A ideia da nova filosofia intervencionista era de que as empresas privadas são a solução para todos os problemas, No caso da Petrobras, os Estados Unidos sempre foram contra as empresas estatais. Desde o final da década de 40 colocaram-se contra a campanha do "Petróleo é Nosso". Acreditavam que as empresas privadas americanas eram melhores que empresas estatais. Na política externa houve uma viragem de orientação para apoiar as políticas norte americanas em geral, e no continente dificultar a integração sul americana e o MERCOSUL.

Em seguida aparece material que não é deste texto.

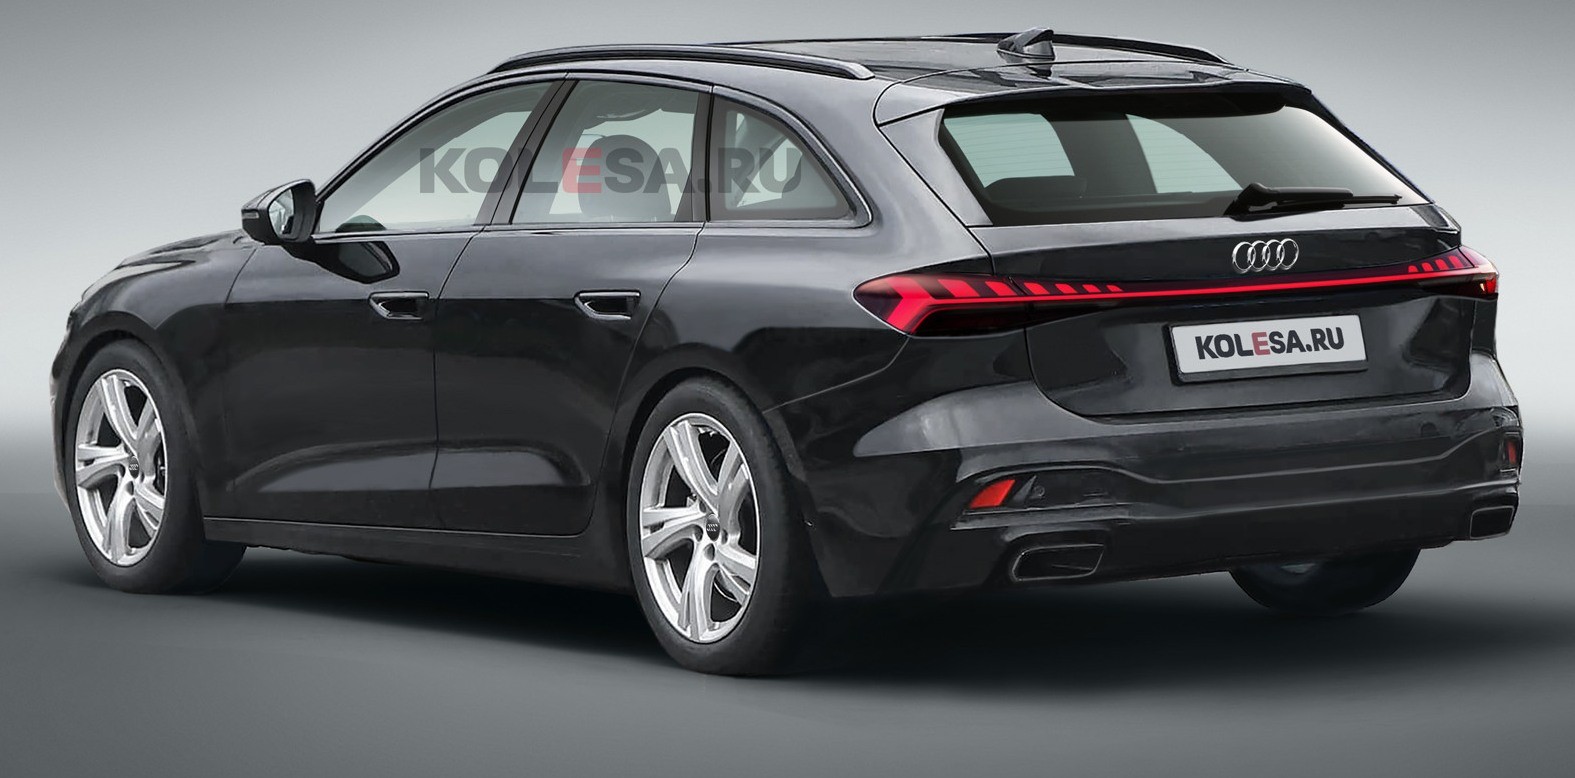 https://s1.cdn.autoevolution.com/images/news/gallery/unofficially-revealed-audi-a5-avant-looks-like-a-wagon-you-want-instead-of-a-bmw-or-merc_3.jpg

Com as eleições de outubro estamos diante de uma nova encruzilhada. Ou seguimos esse caminho traçado pelo governo Temer em sua "Ponte para o Futuro", ou recuperamos o projeto que estava em andamento nos governos anteriores de Lula e Dilma, reforçando novamente a ideia integradora do MERCOSUL, retomando as políticas de fortalecimento dos BRICS, as relações Sul–Sul, com os países africanos, e os países asiáticos. Segundo o embaixador esforços de aproximação com os países vizinhos da Argentina, Uruguai, Paraguai, Bolívia, Venezuela, Equador teriam que ser desenvolvidos, para novamente retomar o esforço de integração Latino Americano.

Por fim, manifestou-se o embaixador da República Pluri nacional da Bolívia, Jerjes Justiniano Talavera, saudando o debate realizado como muito positivo na atual quadra da situação mundial. O embaixador aproveitou a ocasião para reafirmar alguns princípios que estão sendo implementados em seu país, como o de que as riquezas naturais devem permanecer no país, utilizando estes recursos para desenvolver a economia própria dos bolivianos, inclusive sua economia privada. Desta maneira a Bolívia tem demonstrado um crescimento constante de seu PIB, multiplicando o seu valor por 4 vezes desde a eleição do presidente Evo Morales, em 2006.